Elle savait tout ceci parfaitement, mais jamais n’en abusait. Le charme faisait partie intégrante de sa vie, sans en être une obsession, sans jamais mettre en avant ces atours.
En somme, il lui suffisait de sourire et laisser éclater sa joie, sa vie et son amour. Elle avait l’assurance de la force intérieure et de la majesté. Naturellement, quand quelqu’un l’abordait, elle répondait toujours d’un sourire avenant. L’invitation d’une jeune femme sans crainte de l’autre. Prompte à entamer une conversation de bon aloi, élégante et courtoise.
Ce caractère gracieux traduisait son physique, seul l’amour dévorant pour Benjamin surclassait sa tempérance d’ensemble. Car Fanny, telle une lave en fusion incandescente et irraisonnable, débordait de sentiments à l’encontre de celui qu’elle chérissait.
Elle ne le décrivait jamais, ne parlait de lui qu’à de rares exceptions. Elle pensait juste à lui sans cesse, avec exaltation. À l’évocation du patronyme de son amoureux, même son souffle s’effilochait. Sa présence, son corps, ses réconforts et attentions faisaient de cette femme un être comblé.
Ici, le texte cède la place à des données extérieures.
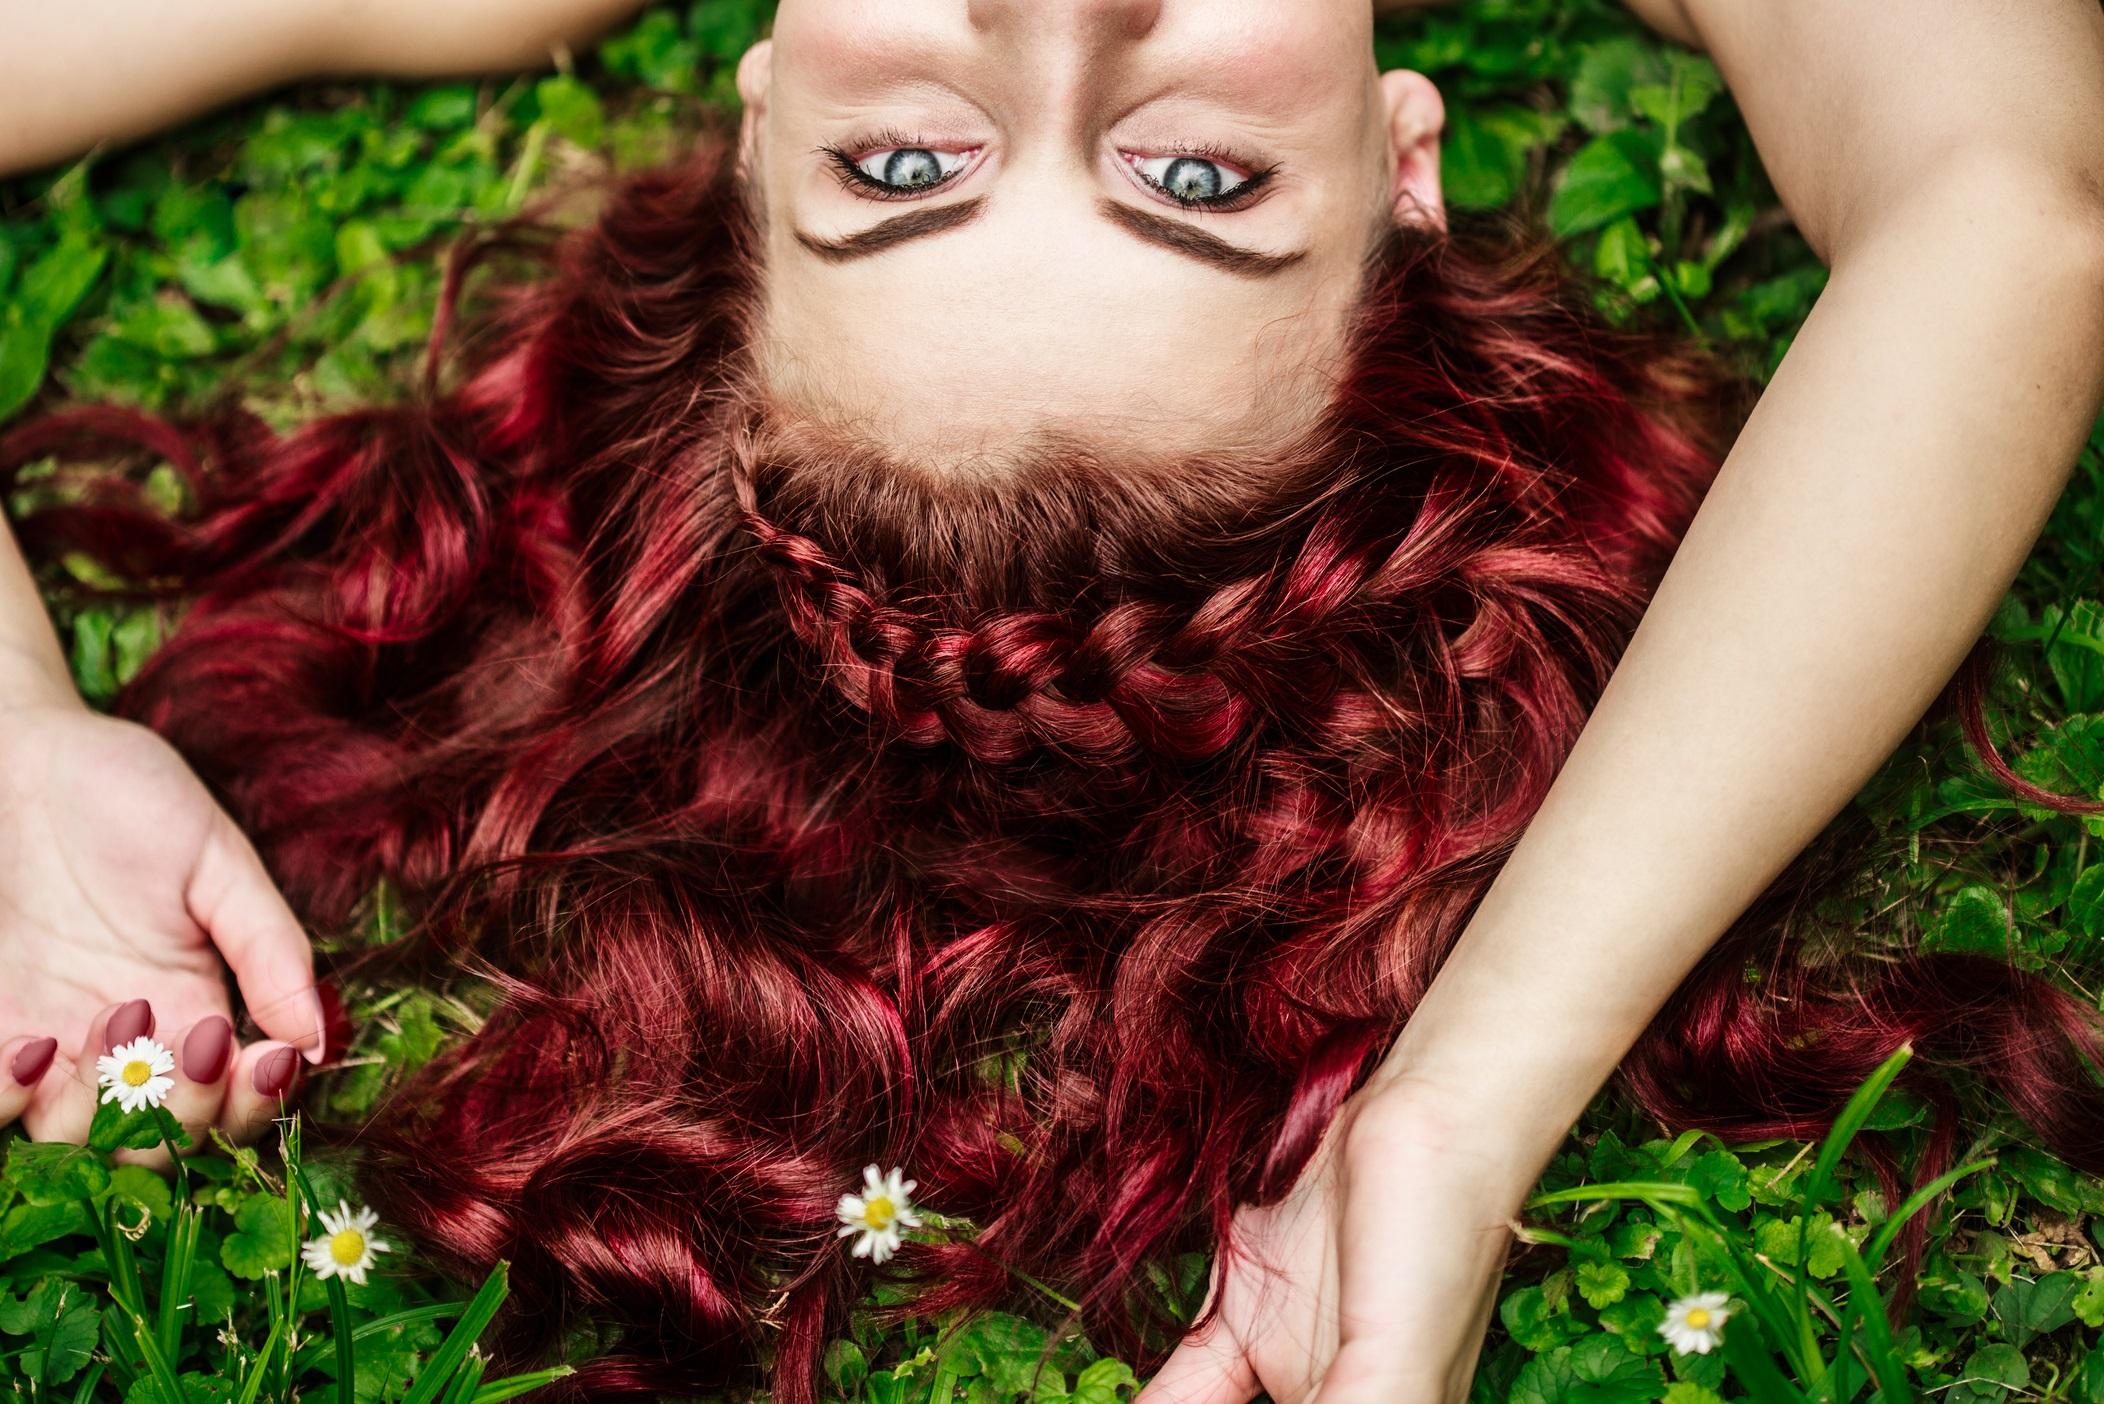 cabelos ruivos 1 1 - Tudo o que você sempre quis saber sobre cabelos ruivos

Jamais repue de son double masculin. Elle pensait tout possible avec lui, il pouvait tout se permettre, tout dire, tout penser.
Il pouvait lui demander de traverser les océans, le monde ou les montagnes. Sa vie sans chagrins, sans contraintes, sans carcans gravitait, par choix, autour de cet homme.
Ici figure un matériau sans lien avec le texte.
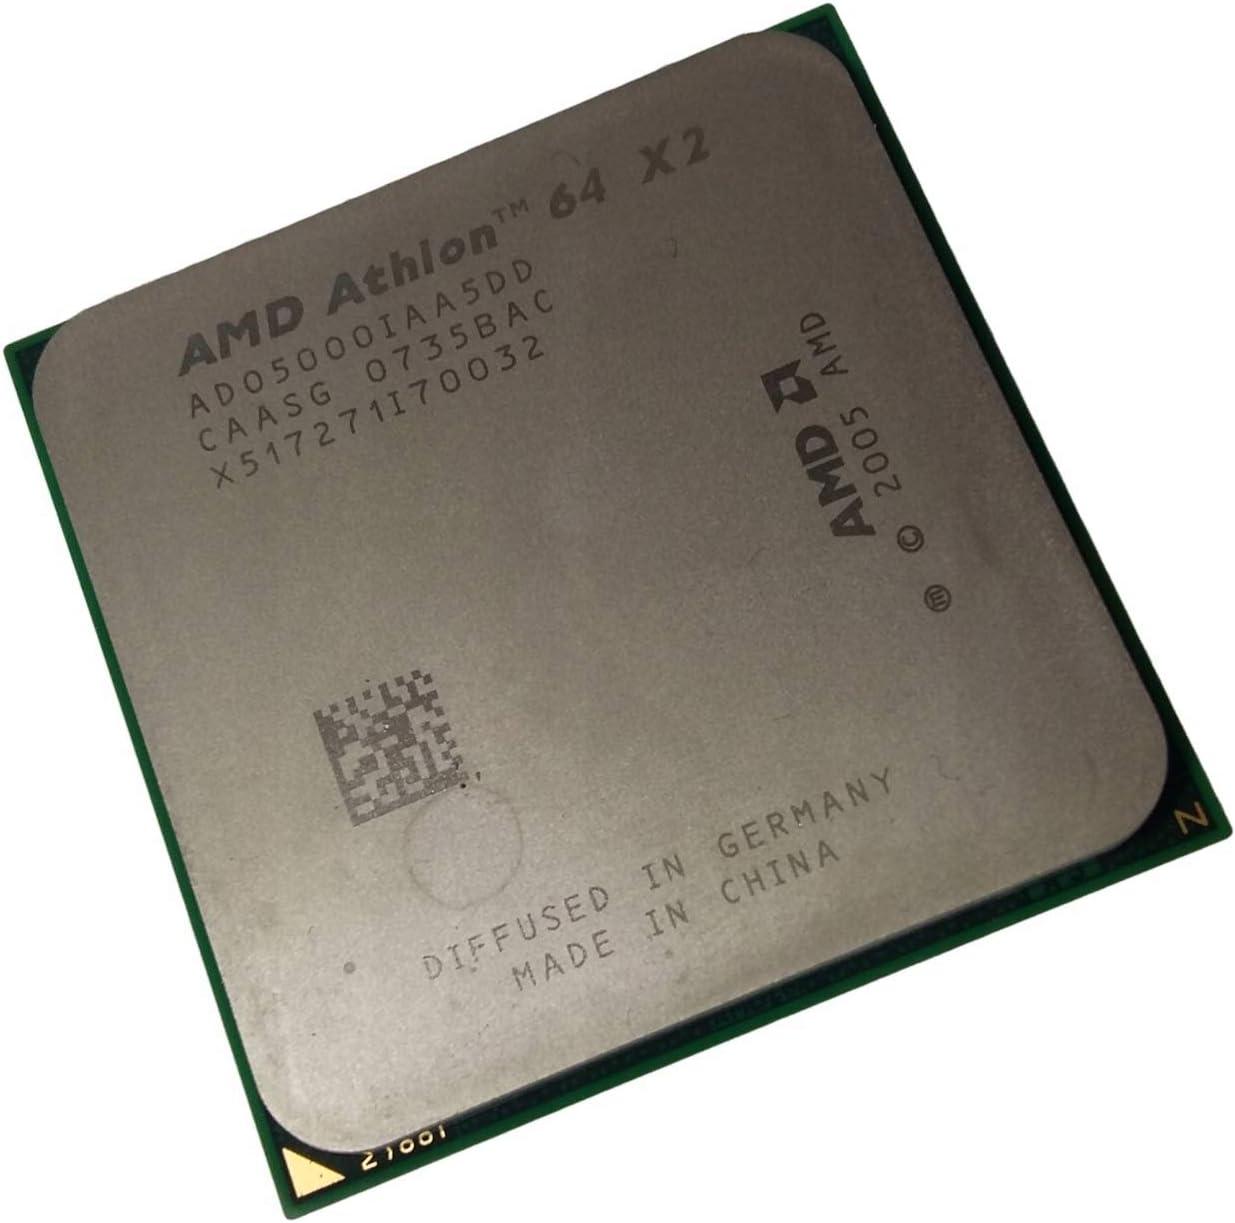 Amazon Com Amd Athlon 64 X2 5000 Am2 65w 2 6 Ghz Dual Core Cpu Low Wattage Ado5000iaa5do Computers Accessories

Dans le TGV qui avait laissé Paris, elle n’avait pu réprimer le besoin de lui téléphoner. À peine quitté le quai, elle avait composé le numéro cellulaire de son chéri. Mais aujourd’hui, ce n’était pas le manque qui la guidait, c’était la peur. Une peur sourde, écrasante, pesait sur tout son corps. Un bloc de béton comprimait son estomac. Une douleur physique intense, insupportable.
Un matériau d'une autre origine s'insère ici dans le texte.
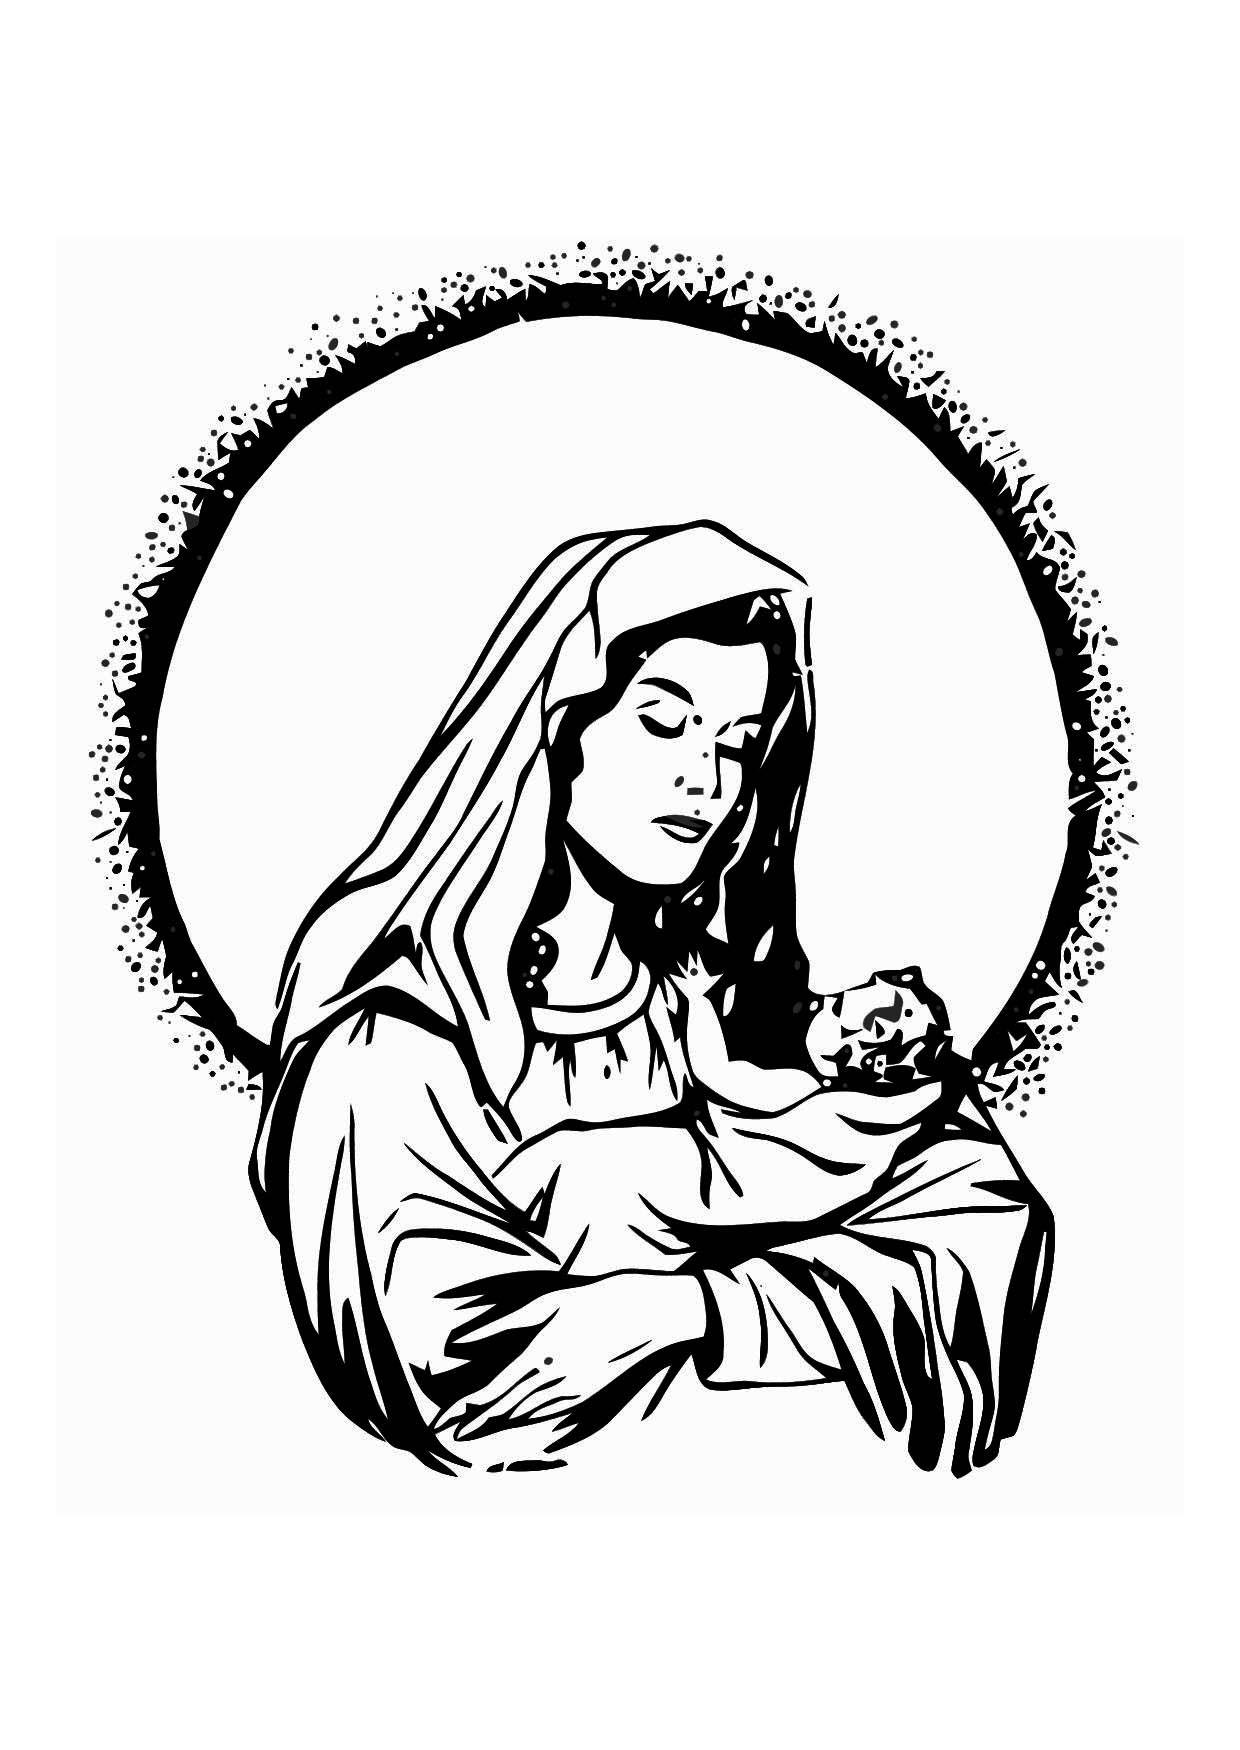 Disegno da colorare maria e ges cat 11344 - Child jesus images download ...

Son cerveau lui injectait des humeurs nauséabondes, pernicieuses. Quelque chose n’allait pas, quelque chose clochait. Elle le sentait depuis plusieurs jours et avait feint de l’ignorer. Ses neurones avaient bloqué cette information, elle était aveuglée par trop d’amour.
Mais là sur la plate-forme ferroviaire, il avait été tellement froid et distant, pressé de sortir de la gare, pressé de la laisser. Les doutes de Fanny s’étaient alors mués en certitudes dramatiques. Elle eut beau l’enlacer tendrement, le corps raidi de Benjamin fut une alerte supplémentaire.
Cet appel à bord du cheval de fer n’avait donc pu la calmer, la voix de son amant masquait difficilement son agacement. Cependant, Fanny voulait en avoir le cœur net. D’un cœur qui battait encore la chamade, un tambour de résonance à la simple évocation du prénom bien aimé.
Elle aborda la conversation de biais, doucement comme le timbre de sa voix. Pourtant, lui semblait déjà à l’autre bout du monde et se crispait sensiblement au fur et à mesure des interrogations de la jeune femme.
Elle voulait savoir, il ne voulait pas lui dire. Elle présumait tout à coup ce que l’avenir allait lui réserver, sombre et dévastateur. Il n’était toutefois pas prêt à lui avouer. Etait-il lassé, amoureux d’une autre ? Désormais étranger.
Le bruit ambiant dans le carré lunch de ce train rapide amplifiait la douleur de son âme. Elle tentait de rester concentrée sur sa conversation ; sur les mots choisis et les tentatives d’arracher des aveux ou des pistes à l’homme tout en esquive à l’autre bout du mobile.
Délicatement, elle porta sa main à son œil, les voyageurs présents eurent tous l’impression qu’elle tentait d’éliminer une poussière ayant élu domicile, trouvant ses yeux trop adorables pour les quitter. Fanny savait qu’il n’en était rien, c’était de toutes fines larmes qui perlaient à la bordure de ses paupières en pluie de peine et de douleur, annonciatrices de l’apocalypse.
Elle demeurait impassible pour ne rien trahir et ne rien dévoiler de la tristesse drapant doucement son corps et son cœur abasourdis.
Le noir se fit instantanément, le tunnel avala le monstre de fer charriant des passagers anachroniques, des gens heureux ou tristes, menteurs, intègres, riches ou pauvres, et Fanny aussi, puis la communication se coupa net.